Она хотела добиться того, чего хотят и все другие, пока не умирают в первый раз, что существенно отличается от смерти в последний раз и происходит намного раньше. То, чего она хотела, было величие.
И никогда не отказывалась от этой цели. Она никогда не отступала, как это сделал я. Она не понимала, как можно умереть дважды. Она не умерла первой смертью, она умерла только последней.
Первые шаги на этом пути она сделала еще до нашего знакомства, до того, как мы стали близки и физически и духовно. Она выкарабкалась из убогости и нищеты Айриш-Чэннела. Когтями выцарапала себе превосходное образование. Познала эксплуатацию, предательство и презрение и – один-единственный раз – дружбу. Тем не менее всему этому не только не удалось заставить ее умереть неведомой окружающим первой смертью (которая начинается утратой воли и полным подчинением обстоятельствам), но и уничтожить или погасить сияние ее твердой, как металл, натуры или подорвать ее цепкость и решительность.

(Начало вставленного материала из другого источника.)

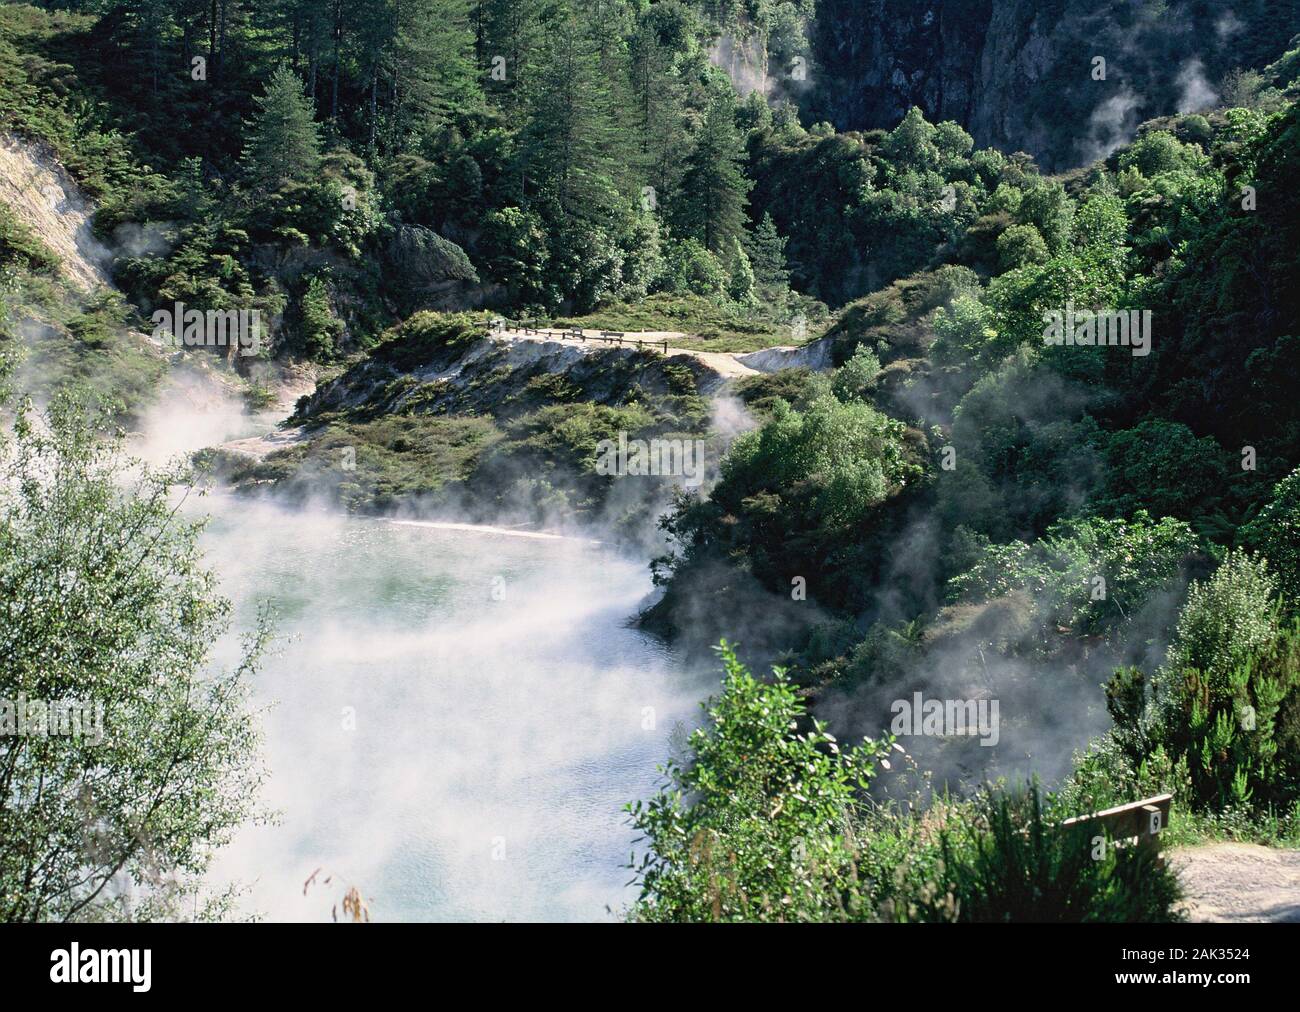 La vapeur provient de sources thermales dans la vallée de Waimangu. La vallée de Waimangu est situé sur l'île Nord de la Nouvelle-Zélande qui se caractérise Banque D'Images

Наоборот, с нее словно сняли обертку, сдули пыль, обнажив металл, и помогли принять боевую позицию.
Она была на верном пути и понимала это, хотя и не представляла, куда он ее заведет. Много позже я часто думал, не была ли она одарена от рождения умением предвидеть каждый поворот и каждый изгиб пути, либо интуицией распознать их по мере продвижения вперед, либо поворот оказывался правильным именно потому, что туда сворачивала она. Так я и не смог это определить.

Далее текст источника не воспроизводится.